Fu, Da-Qi (Laboratory of Fruit Biology, College of Food Science and Nutritional Engineering, China Agricultural University)
Zhu, Ben-Zhong (Laboratory of Fruit Biology, College of Food Science and Nutritional Engineering, China Agricultural University)
Zhu, Hong-Liang (Laboratory of Fruit Biology, College of Food Science and Nutritional Engineering, China Agricultural University)

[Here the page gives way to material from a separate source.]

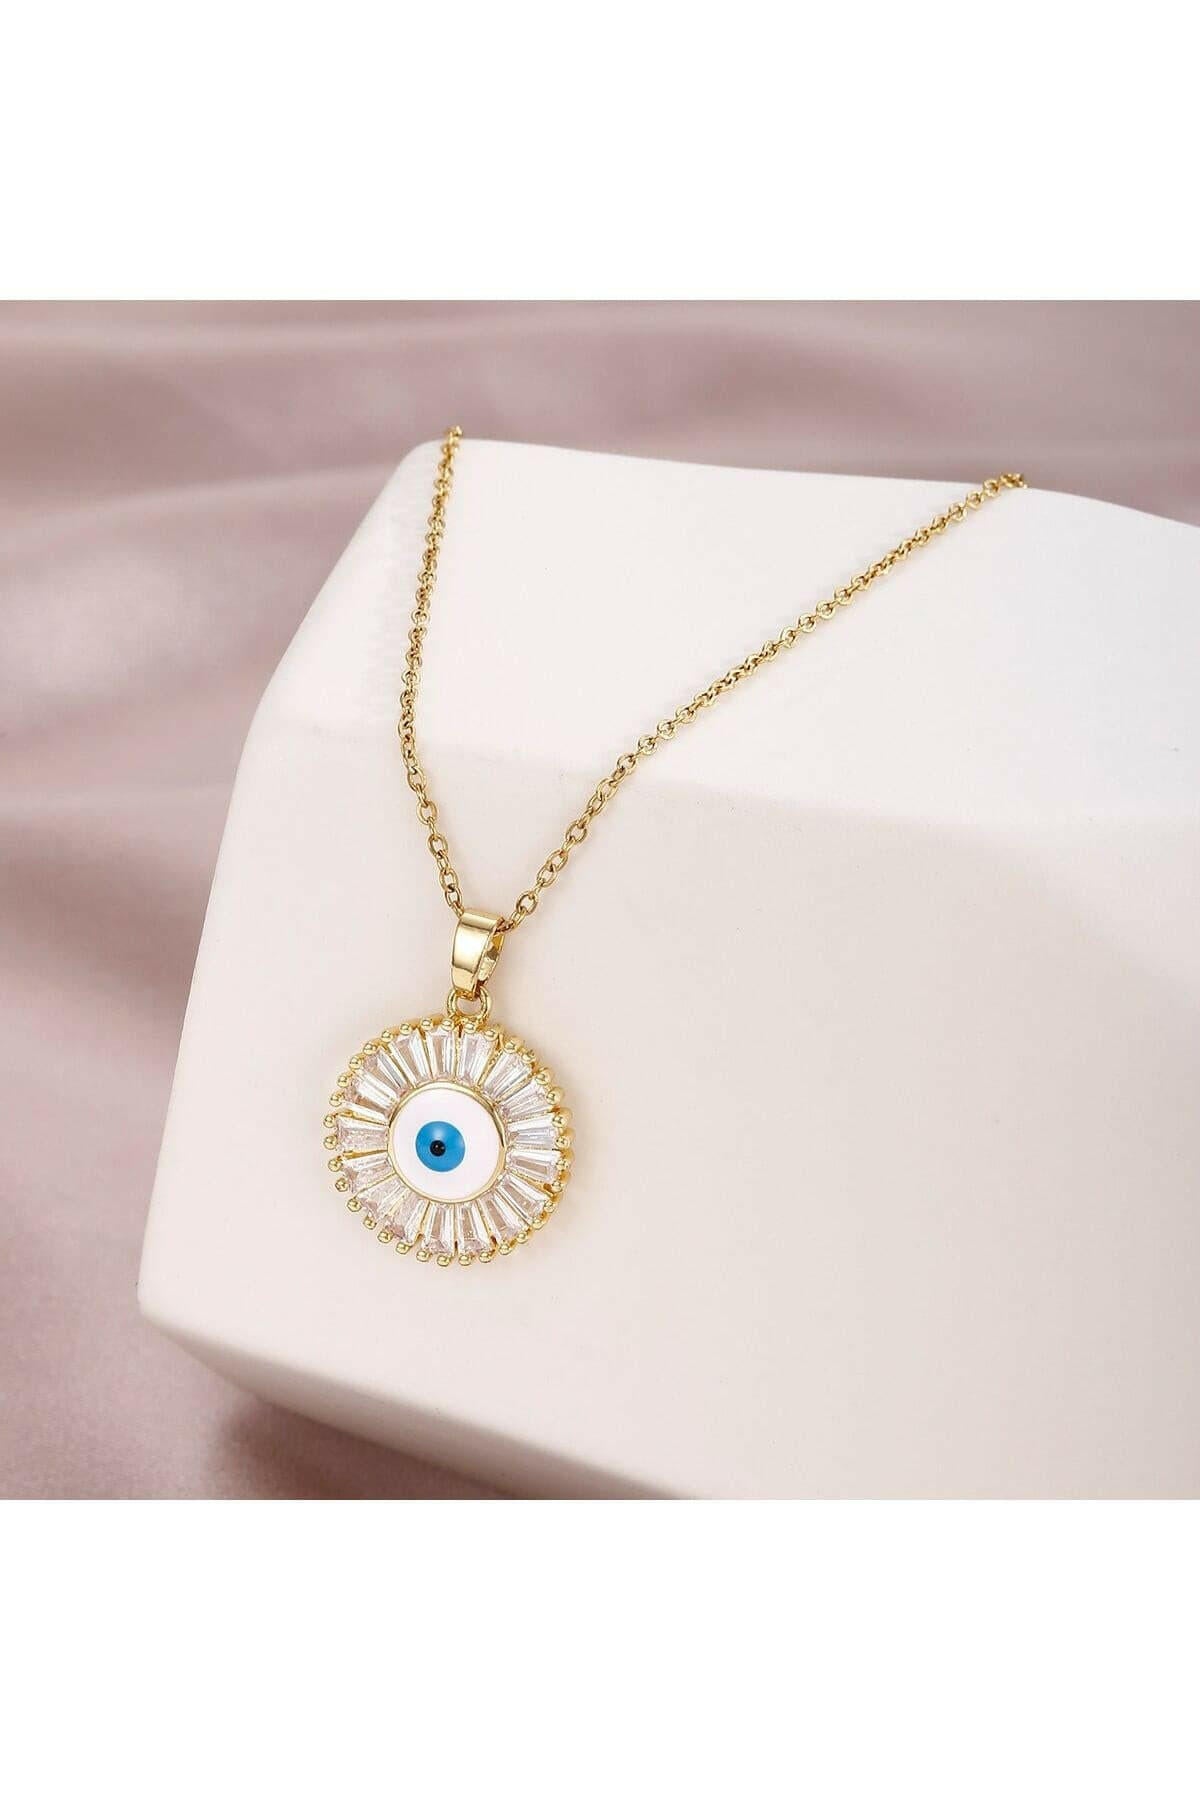 Stainless Steel Turkish Crystal Evil Eyes Pendant Necklace For Women.

Zhang, Hong-Xing (Laboratory of Fruit Biology, College of Food Science and Nutritional Engineering, China Agricultural University)
Xie, Yuan-Hong (Laboratory of Fruit Biology, College of Food Science and Nutritional Engineering, China Agricultural University)
Jiang, Wei-Bo (Laboratory of Fruit Biology, College of Food Science and Nutritional Engineering, China Agricultural University)
Zhao, Xiao-Dan (Laboratory of Fruit Biology, College of Food Science and Nutritional Engineering, China Agricultural University)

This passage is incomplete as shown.